Manages the state machine lifecycle and transitions:
from state_module.state_handler import StateHandler

# Initialize with YAML configuration
handler = StateHandler(yaml_path="state_module/state_graph.yaml")

# Get initial state
initial_state = handler.get_initial_state()

# Get a specific state
state = handler.get_state("agent_reply")

# Get possible transitions from current state
transitions = handler.get_transitions(current_state, messages)
# Returns: {"tt": ["state1", "state2"], "td": ["description1", "description2"]}

YAML Configuration

Basic State Graph

# state_module/state_graph.yaml
 ask_user:
    description: "Waiting for user input"
    type: user
    transition:
      next: [agent_reply]

  agent_reply:
    description: "AI reasoning and response generation"
    type: agent
    transition:
      next: [ask_user, use_tool]

  use_tool:
    description: "Execute a specific tool"
    type: tool
    transition:
      next: [agent_reply, ask_user]

Transition Format

Transitions use a list of names corresponding to the next state
transition: 
  next: [agent_reply, ask_user, use_tool]

State Execution Flow

Integration with Agent

The Agent uses StateHandler for flow control:
class Agent:
    def __init__(self, ..., flow: StateHandler, ...):
        self.flow = flow
        self.current_state = self.flow.get_initial_state()

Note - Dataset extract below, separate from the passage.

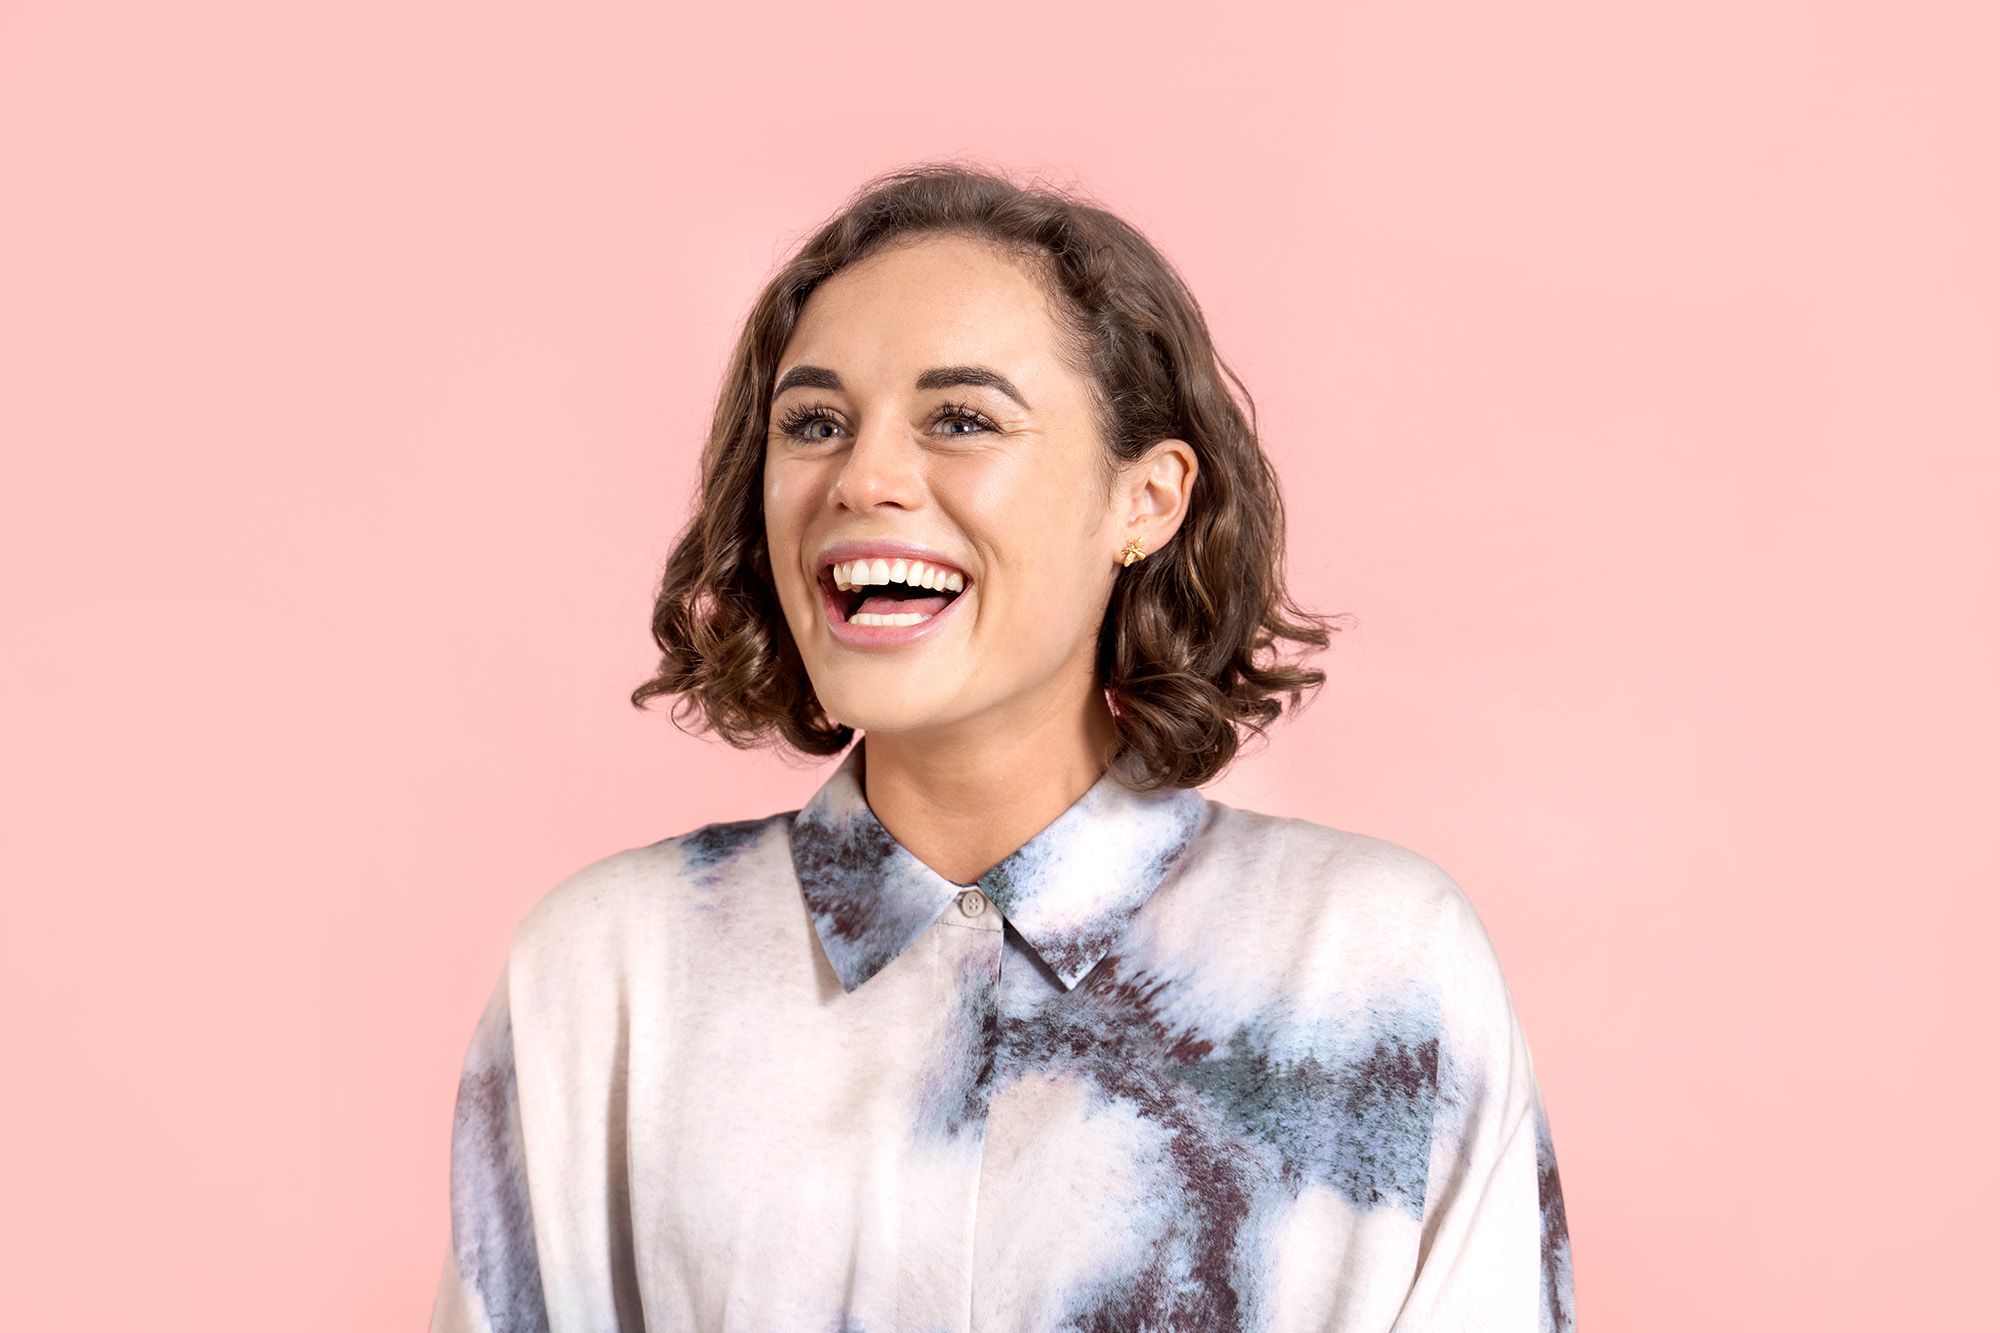 Sophie Jones has brown curly hair and green eyes. She laughs as she stands in front of a light pink background.

    async def step(self, messages, user_id=None):
        while not self.current_state.is_terminal:
            # Run current state
            context = self.get_context()
            update = await self.current_state.run(context, self)

            if update:
                self.add_context([update])

            # Check for transition
            if self.current_state.check_transition_ready(messages):
                transition_dict = self.flow.get_transitions(
                    self.current_state, messages
                )
                transition_names = transition_dict["tt"]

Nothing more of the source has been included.